- Country: India
- State: Rajasthan
- District: Nagaur
- Tehsil: Makrana
- Elevation: 423 m (1,388 ft)

Population (2011)
- • Total: 4,066

Languages
- • Official: Hindi, Marwari, English, Urdu Rajasthani
- Time zone: UTC+5:30 (IST)
- PIN: 341504
- ISO 3166 code: RJ-IN
- Vehicle registration: RJ-
- Website: http://rajasthan.gov.in/

= Kheri Shilla =

Kheri Shilla is a village in Makrana tehsil in Nagaur district, Rajasthan state of India. It is 7 km from Gachhipura.
Other names for Kheri Shella are Mundelo Ki kheri and Guda Kheri, and the latest name of is Devnagari Kheri Sheela. There is a temple of Lord Dev Narayan.

==History==
It is an old village, which, before independence (1947) was under Jodhpur riyasat.
The village is currently in Makaran Tahsil but was formerly in Parbatsar tahsil.
Culturaliy it is predominantly Rajasthani (Marwari). Kheri Sheela is a small village located in Makrana Tehsil of Nagaur district,
Rajasthan with total 244 families residing. The Kheri Sheela village has population of 1199 of which 588 are males while 611 are females as per Population Census 2011.

In Kheri Sheela village population of children with age 0-6 is 167 which makes up 13.93% of total population of village.
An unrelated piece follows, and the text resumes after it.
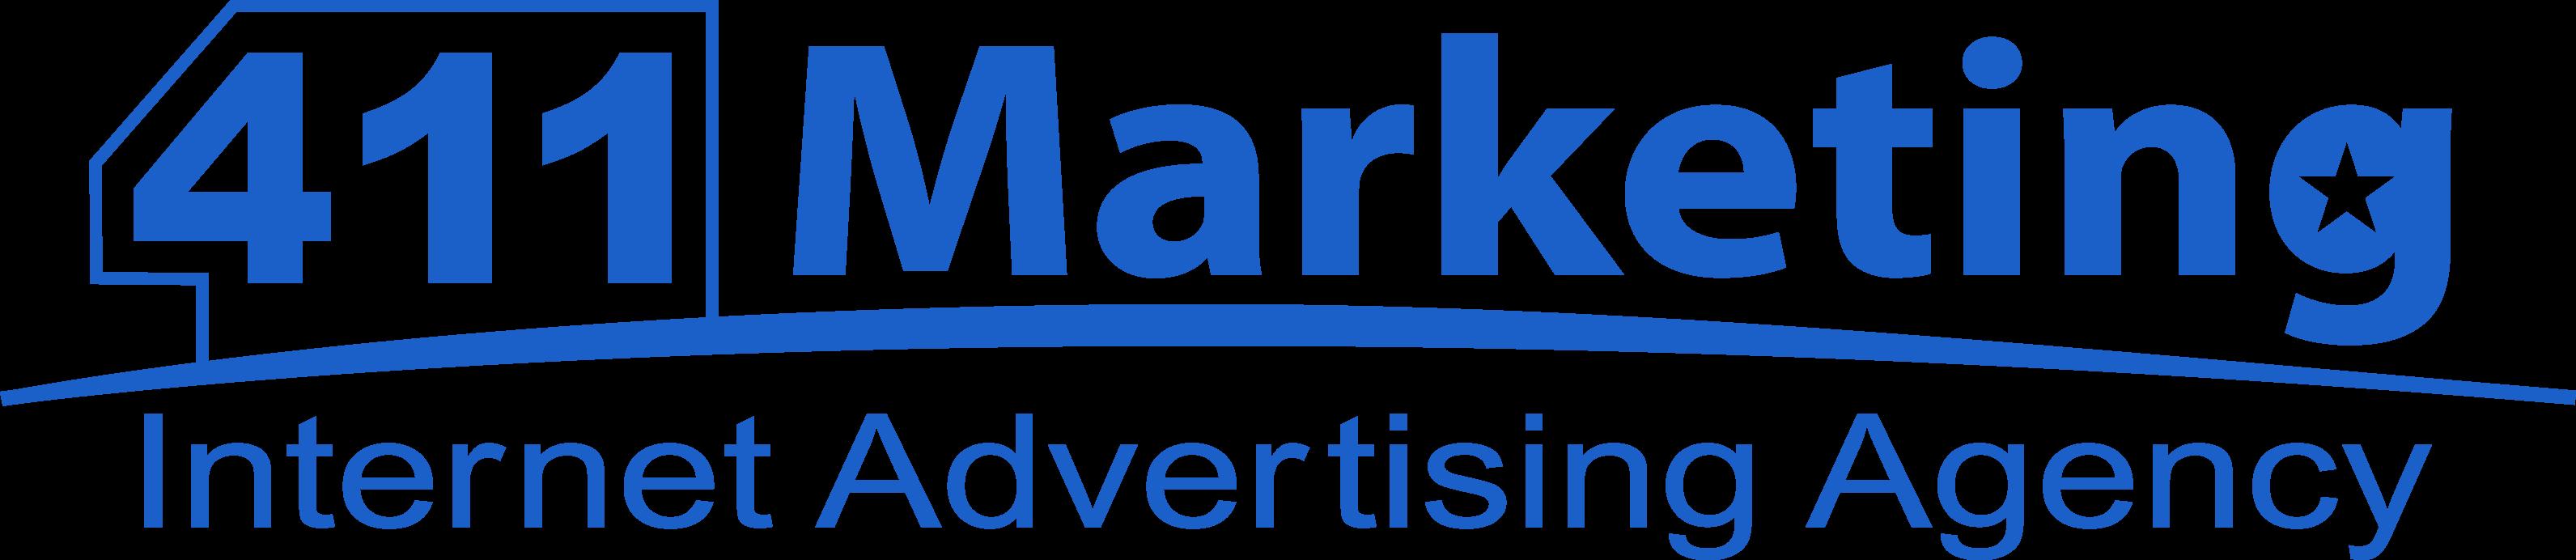 411 marketing logo

Average Sex Ratio of Kheri Sheela village is 1039 which is higher than Rajasthan state average of 928. Child Sex Ratio for the Kheri Sheela as per census is 965, higher than Rajasthan average of 888.

Kheri Sheela village has lower literacy rate compared to Rajasthan. In 2011, literacy rate of Kheri Sheela village was 53.39% compared to 66.11% of Rajasthan. In Kheri Sheela Male literacy stands at 67.59% while female literacy rate was 39.89%.

As per constitution of India and Panchyati Raaj Act, Kheri Sheela village is administrated by Sarpanch (Head of Village) who is elected representative of village.

Caste Factor
Kheri Sheela village of Nagaur has substantial population of Schedule Caste. Schedule Caste (SC) constitutes 27.52% of total population in Kheri Sheela village. The village Kheri Sheela currently does not have any Schedule Tribe (ST) population.

==Economy==
The economy of the village is based on agriculture. Bajra (pearl millet), moong (mung beans), till (sesame) & jowar (sorghum) are the main crops during the rainy season.

The area is known for supplying oxen for traditional agriculture, although they used to be supplied to other states in India, they are no longer as popular.

It is one of the villages of Makarana mundal, which is known for supplying marble especially white marble, worldwide. Work Profile
In Kheri Sheela village out of total population, 636 were engaged in work activities. 70.13% of workers describe their work as Main Work (Employment or Earning more than 6 Months) while 29.87% were involved in Marginal activity providing livelihood for less than 6 months. Of 636 workers engaged in Main Work, 361 were cultivators (owner or co-owner) while 2 were Agricultural labourer.
Particulars	Total	Male	Female
Total No. of Houses	244	-	-
Population	1,199	588	611
Child (0–6)	167	85	82
Schedule Caste	330	162	168
Schedule Tribe	0	0	0
Literacy 53.39% 67.59% 39.89%
Total Workers	636	301	335
Main Worker	446	0	0
Marginal Worker	190	0	0

==Nearby villages and features==
The surrounding villages are Guda-Barnel to the south, Altawa to the north, to the west is Bajoli and to the east Kuchipala. The nearest towns are Gachhipura, Degana and Makrana

Around 9 km away is a mountain called Bhakri, which is a source of tungsten.

About 43 km away is an area with a large source of salt-water, where the Indian government has established a sodium production plant.

==Population==
The population of Kheri Shilla is 5000.

===Castes===
70% of the population is Choudhary Mundel but other castes also live in the village including Brahmin, Maheshwari, Jangir, Megwal, Bawari, Charan and Gurjjar.